AIM - a tough market for cleantech companies

By Andrew Hore

Although a few new entrants have joined AIM this year, cleantech companies are still leaving the junior market. Stock markets around the world are becoming tougher places to raise money again, but the problems with the latest company to shun its AIM quotation date back to its flotation and lack of financial progress since, rather than current market conditions.

Fuel cell-based back-up power products developer IdaTech joined AIM in August 2007. At the flotation price of 100p a share, IdaTech was valued at £49.5 million. The flotation raised £17.7 million, at that time equivalent to $36.1 million, which was reduced to £15.5 million ($31.6 million) after expenses. The business was still at an early stage, with limited revenues and large losses.

The first figures IdaTech reported, interims to June 2007, showed revenues declining from $2.04 million to $1.72 million, while the loss rose from $6.07 million to $9.19 million.

The cash outflow from operations was $10.1 million in the six months to end June 2007, at which time the cash balance was $668,000 and borrowings were $3.31 million. Of course, August 2007 saw an additional $36.1 million in the bank following the flotation.
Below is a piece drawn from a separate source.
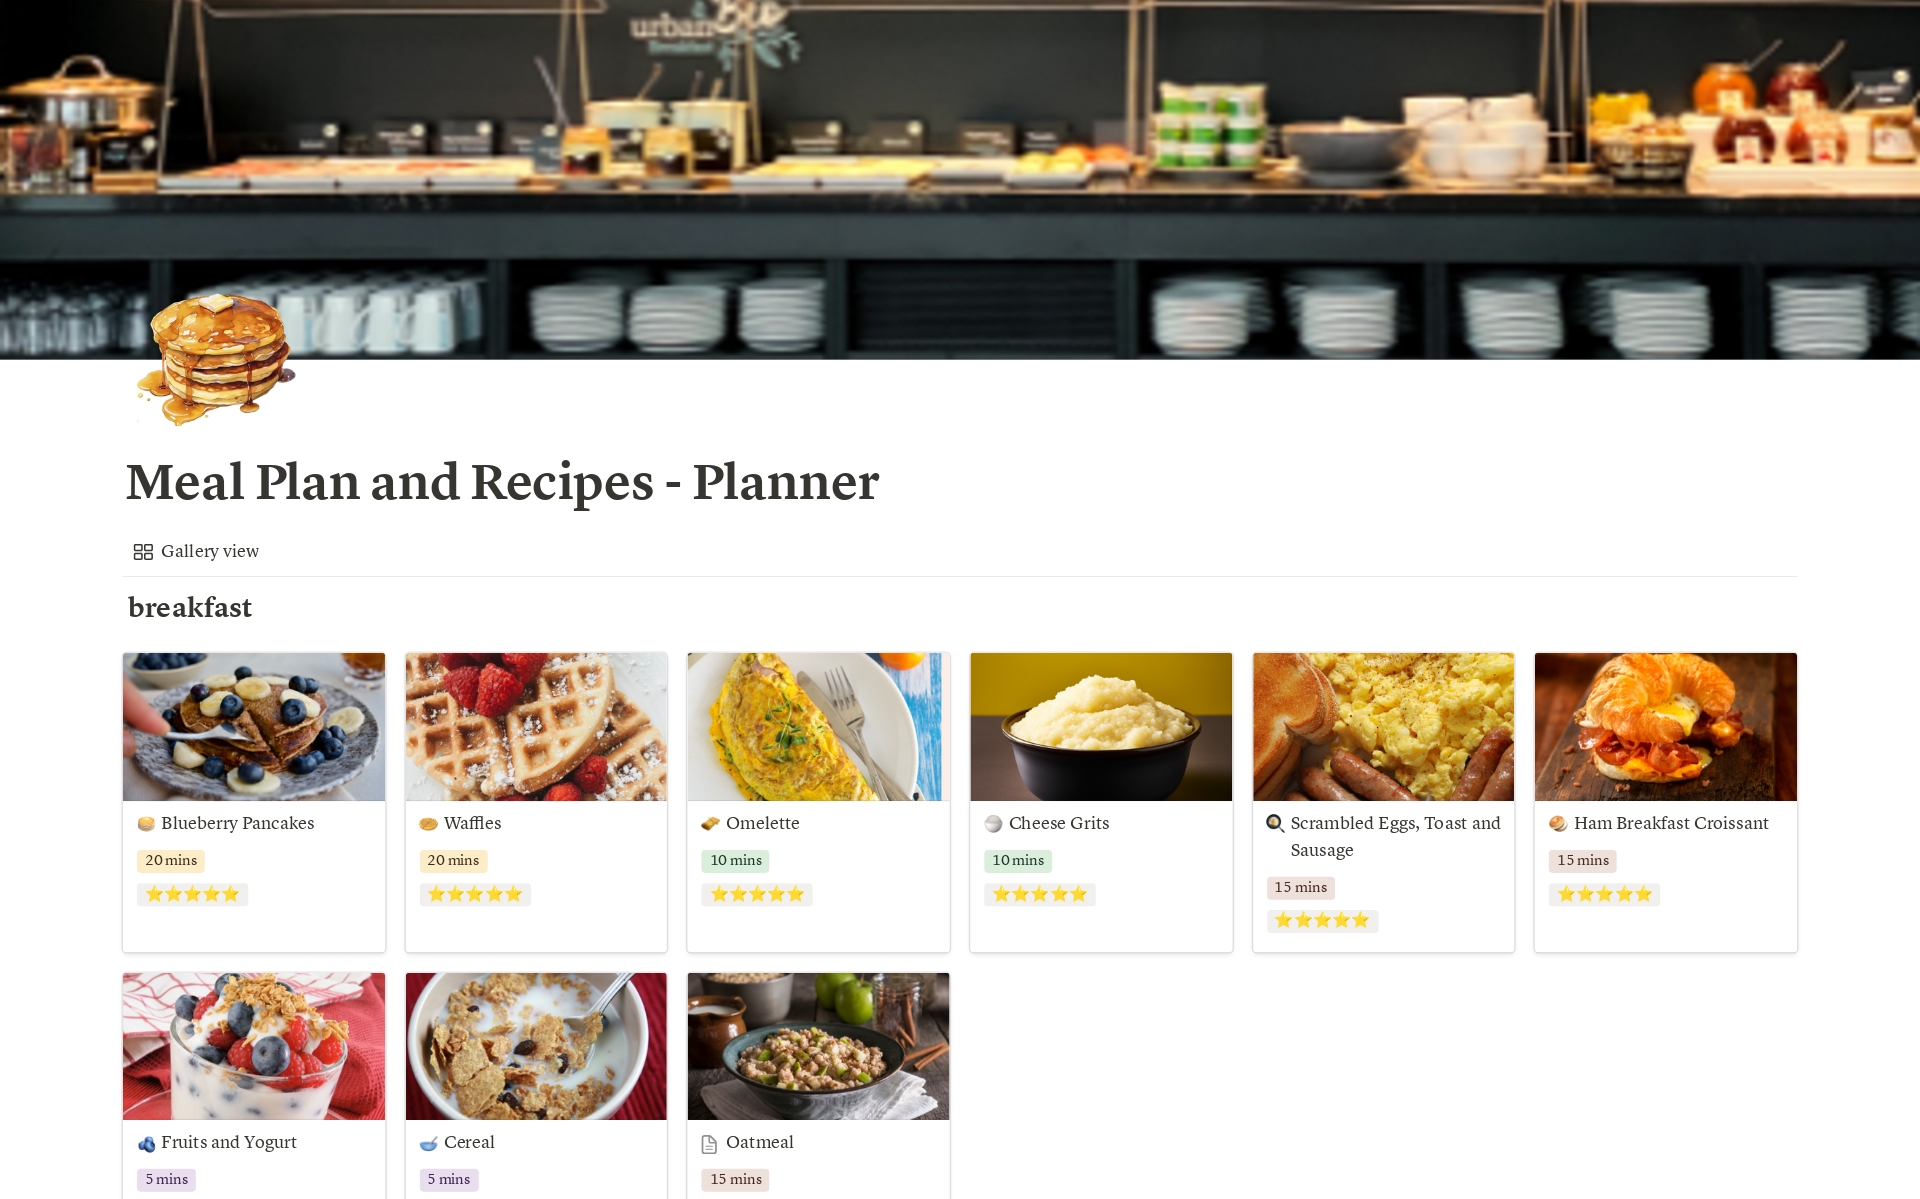 This Notion meal plan and recipes organizer simplifies meal planning for college students with an easy interface for inputting meal details, inspiring sample foods, and efficient meal preparation.

IdaTech has revealed in its latest interims that revenues have increased from $1.91 million to $3.06 million in the six months to June 2011. The pre-tax loss edged down from $13.8 million to $13.6 million, while the cash outflow from operations was $11.5 million.

These figures indicate that, in the four year period since its flotation, IdaTech’s revenues have not even doubled and the loss is much higher. A full year loss of more than $15 million has been forecast.

Since the beginning of 2007, the company’s total cash outflow has been more than $76 million. There was debt of $72 million at the end of June 2011, with $640,000 of cash in the bank. That debt all originates from Investec, which owns 49.1% of IdaTech, making it the largest shareholder – and it is Investec that wants IdaTech to leave AIM.

It is little surprise that such a cash-guzzling business has failed to attract much trading in its shares: there have been only 22 trades in the past twelve months.  A trade of 3,000 shares took place on 6 October, with the previous trade exactly three months earlier. Lack of liquidity is a complaint commonly levelled at AIM, but the location of a company’s listing will not matter if it is not attractive to investors.

Although IdaTech has complained about the poor performance of its share price, it is perhaps surprising that this had fallen by less than 50% from its initial placing price prior to the company’s announcement of its intention to leave AIM. The share price slumped to 15p, valuing IdaTech at £7.85 million, after that news. This is not unusual, since the fact that there will be no market on which to trade the shares in a few weeks’ time will hit any share price.

There is undoubtedly a large potential market for IdaTech’s products in both the off- and on-grid power markets, but it is taking a long time to materialise.

IdaTech has made progress in product development and moved from selling hydrogen-fuelled products to reformer fuel cell systems using its own proprietary liquid fuel technology. However, a technology company can point to any amount of progress it has made, but does not always appreciate that such progress is not enough for an investor. 

The IdaTech story should be studied by any cleantech company planning to join AIM. To be fair to IdaTech’s management, it was made clear when the company floated that it would continue to lose money for a number of years. Back in 2007, that did not appear to have been a problem for investors: these days they would not be as receptive. Any company which is too far away from commercialisation should think again about attempting to join AIM, even when there is initial interest.

Investors may be excited by a new concept, but they will soon become impatient and lose interest if they think that insufficient progress is being made – and that problem is compounded when flotation valuations are too high. An early stage company that does join AIM should not be surprised if its share price gets hits when it disappoints investors.